Gold fell into the hole

But the Fed is not going to stop! St. Louis Fed President James Bullard says the federal funds rate should reach 4.5% as soon as possible as confidence in the Fed is under threat. Indeed, there is an opinion that gold will start to rise after the Central Bank realizes that it cannot control inflation. Minneapolis Fed President Neel Kashkari will not repeat the same old mistakes. Kashkari said the Fed decided in the 1970s that it had done its job, looking at slowing inflation and the economy, and was punished for it. His colleague, Chicago Fed President Charles Evans, says rates will hit a ceiling by spring, after which the central bank will be able to sit on the sidelines.

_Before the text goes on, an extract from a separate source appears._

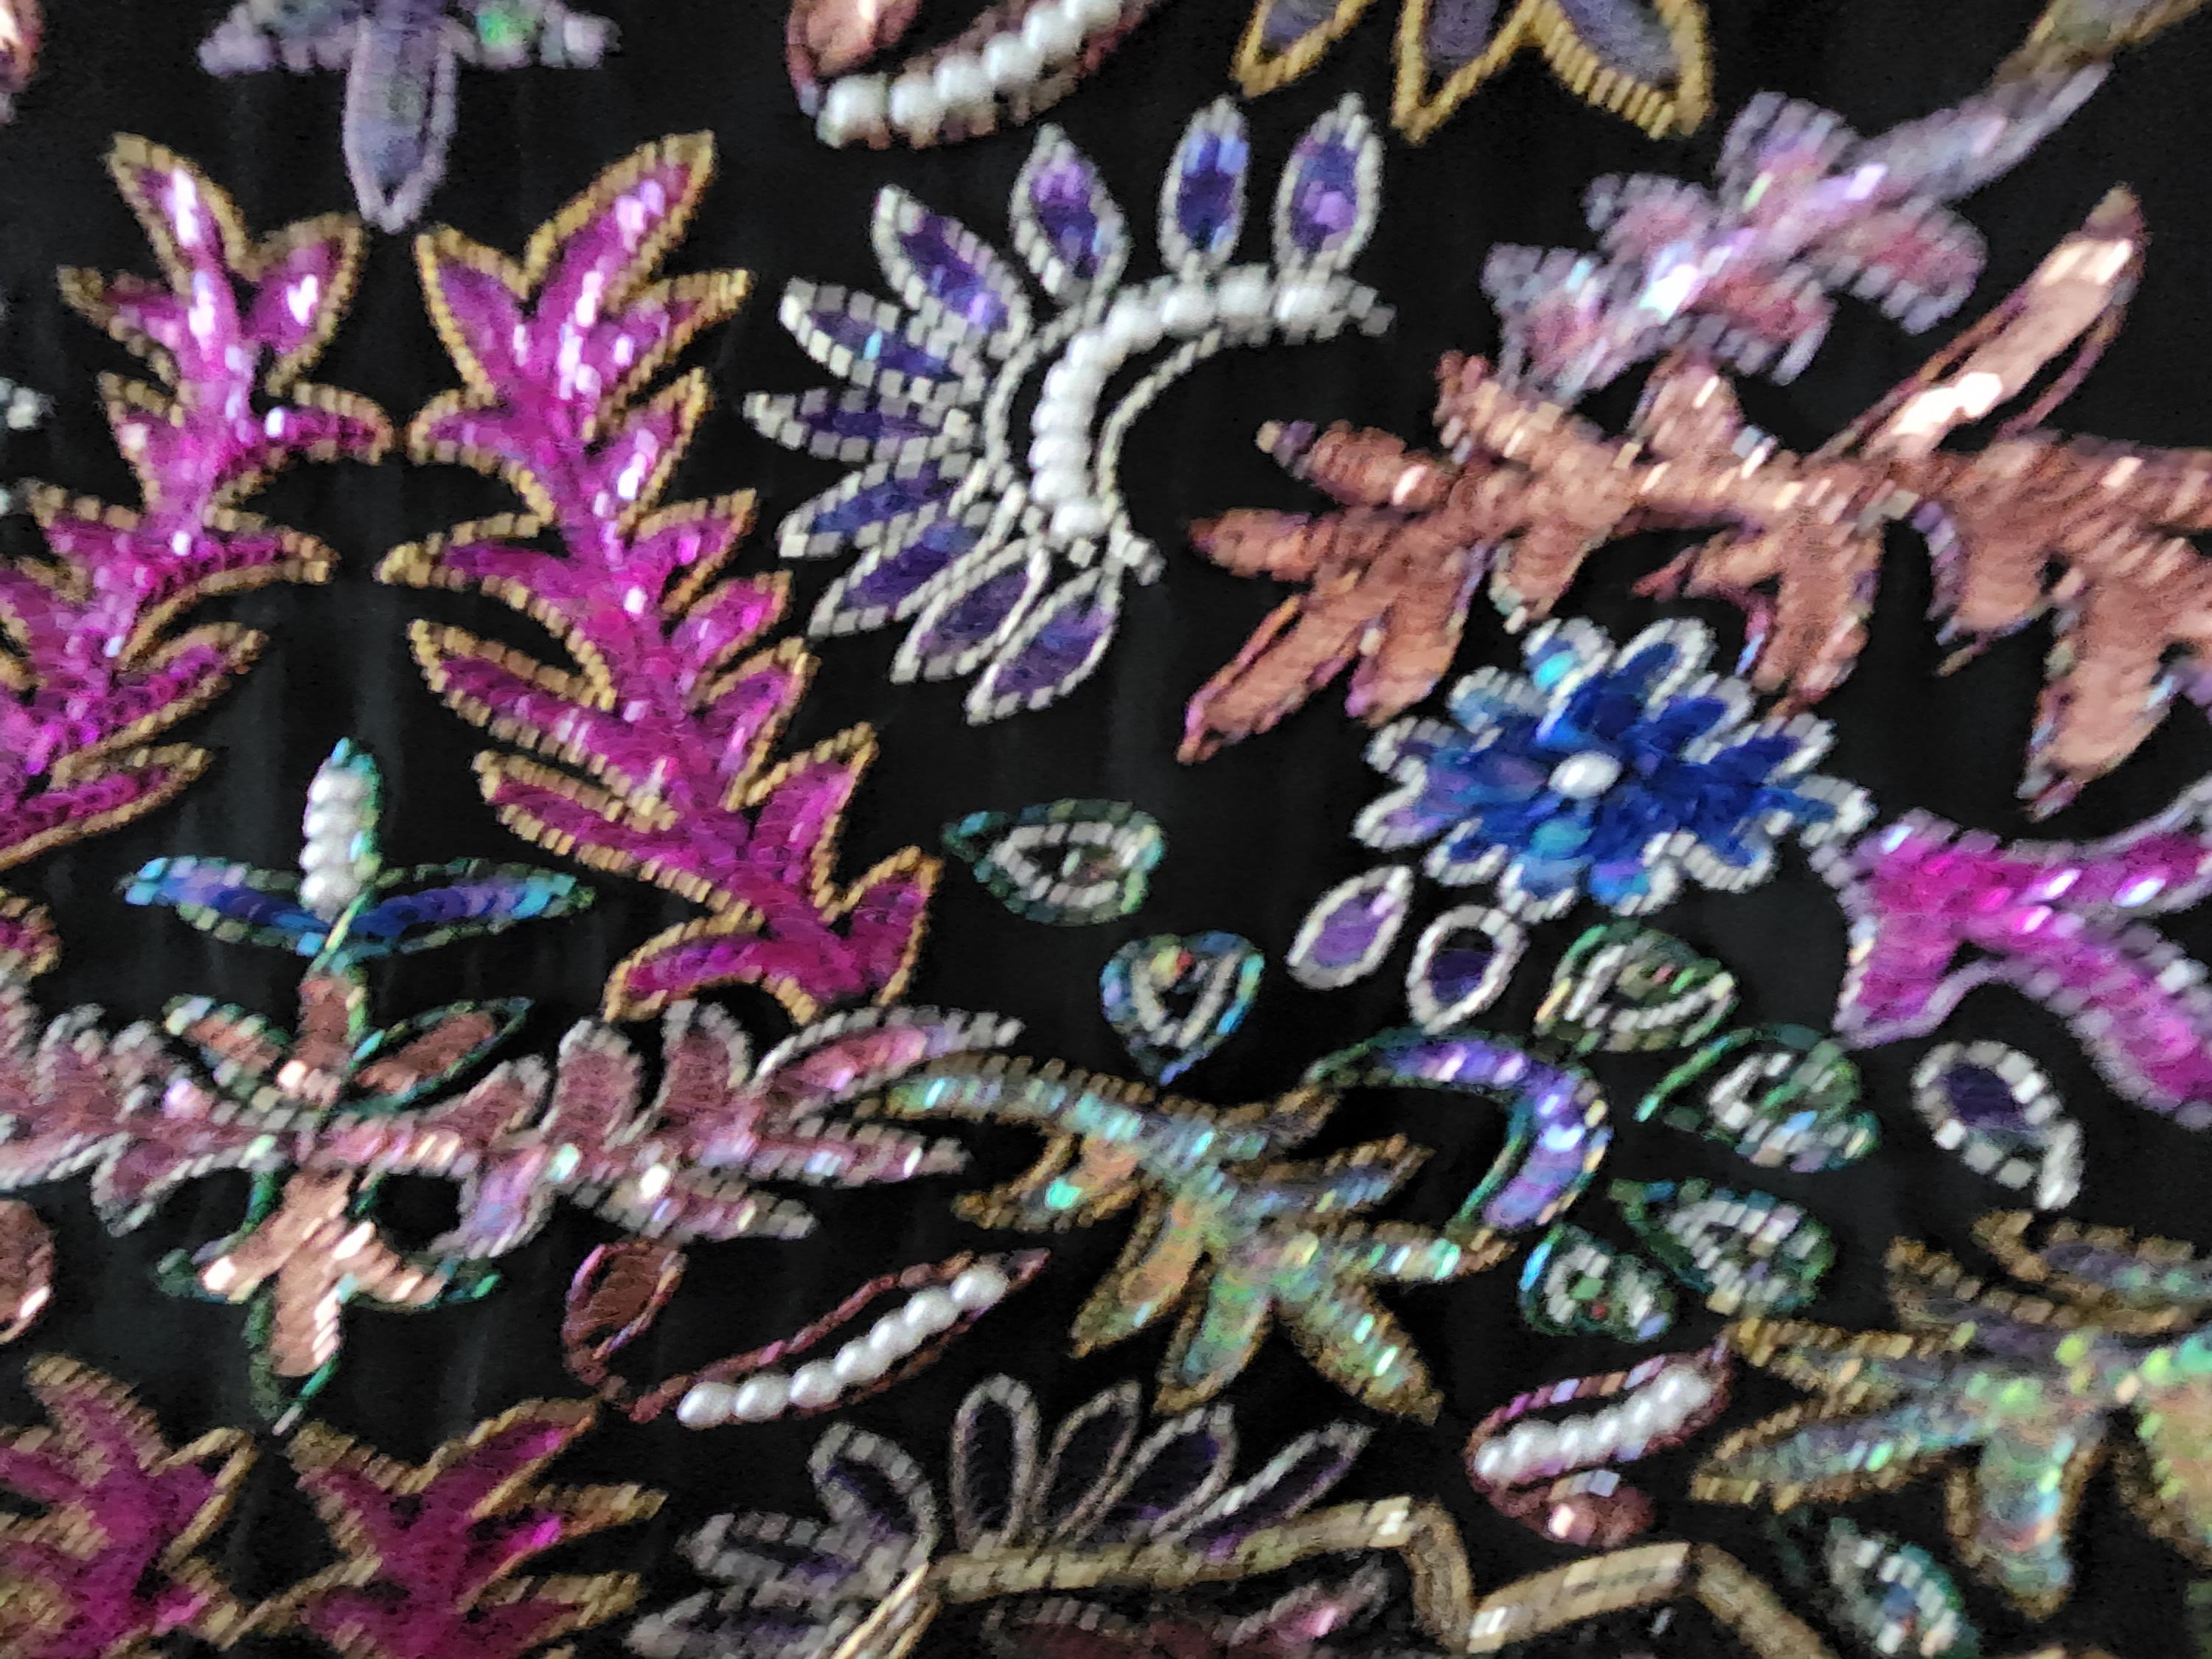 Black colorful floral sequin beaded vintage short sleeve shirt sz M
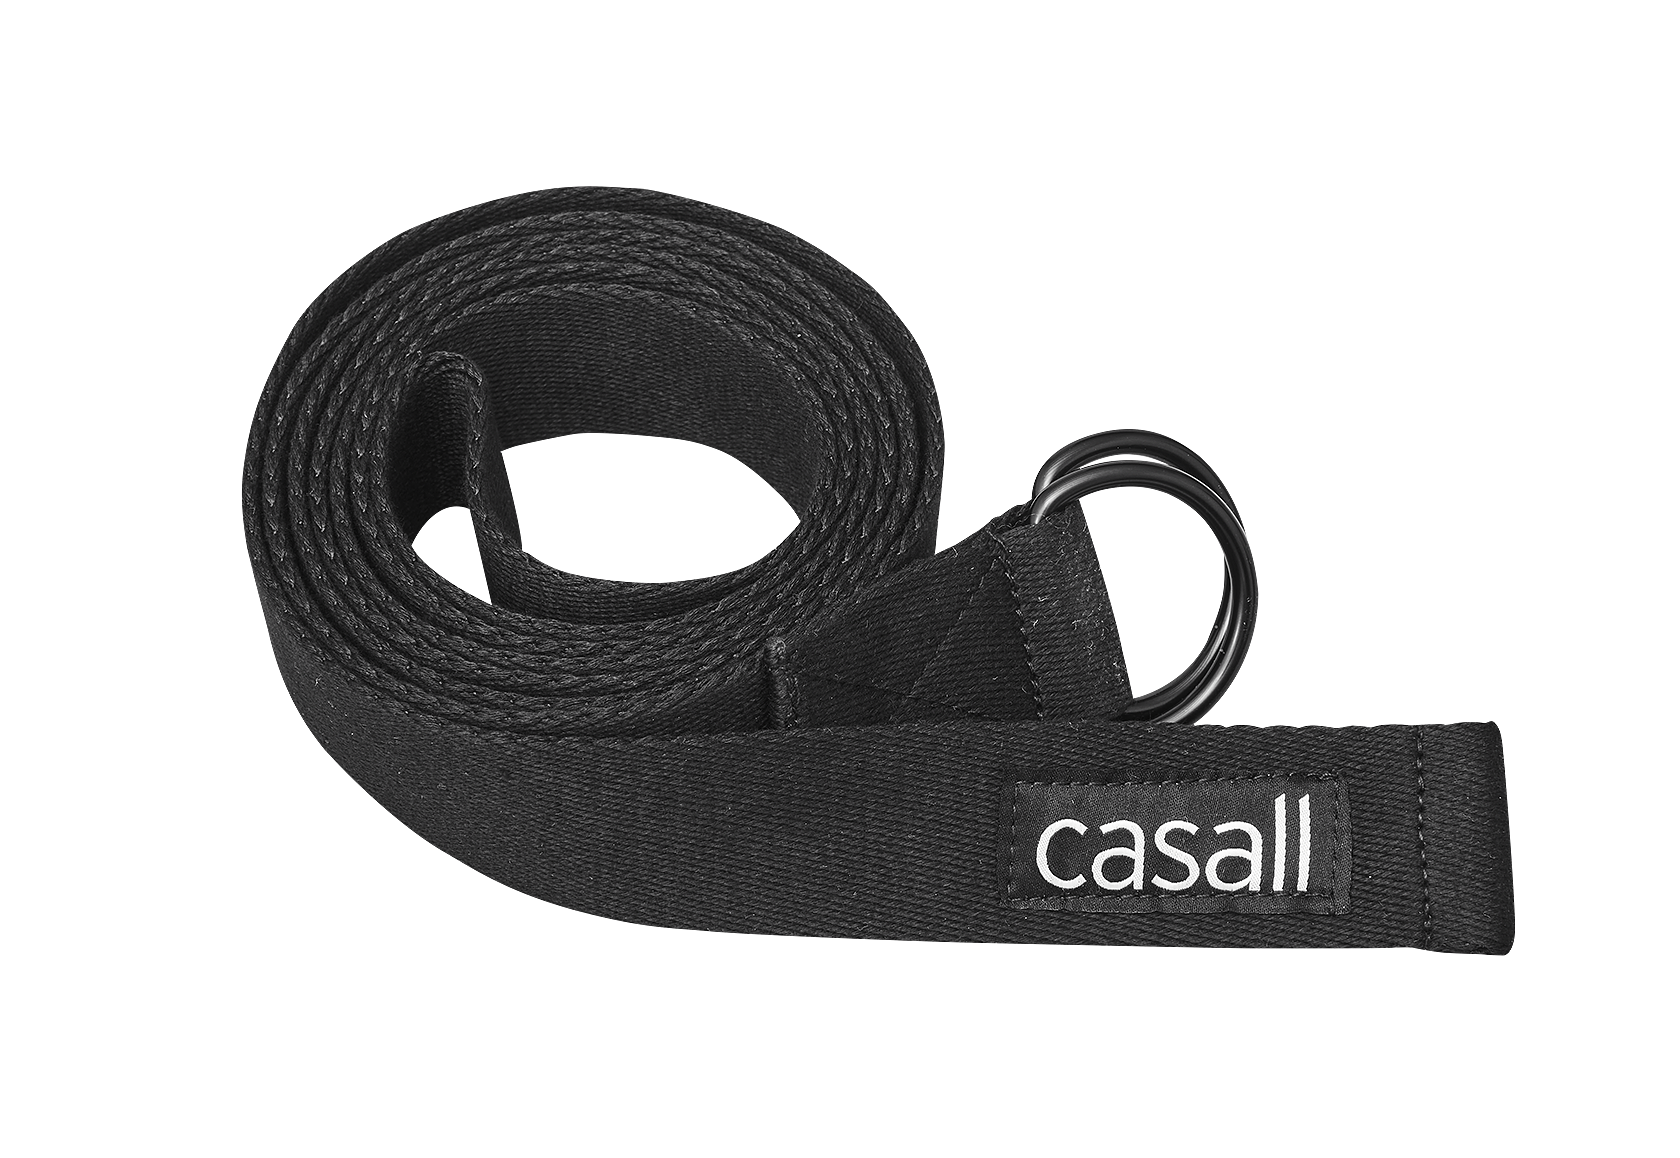 Casall Yoga strap - Black

Looking at rising bond yields, a stronger US dollar, and hawkish rhetoric from FOMC members, hedge funds are never tired of getting rid of gold. "Bearish" sentiment in the market reached a 4-year high. As of September 20, speculators reduced the size of net longs to the lowest level since November 2018.

Gold fell into the hole

In my opinion, the reluctance of XAUUSD to fall as fast as the US securities market requires, indicates that the risks of recession and the escalation of the conflict in Ukraine force investors to keep precious metals in portfolios.

Technically, on the daily chart of gold, quotes approached the previously indicated target at $1,600 per ounce at arm's length. I believe that the potential of the downward movement is not revealed, and the expected stop will be at the level of $1,590 or $1,575. The recommendation is to keep shorts.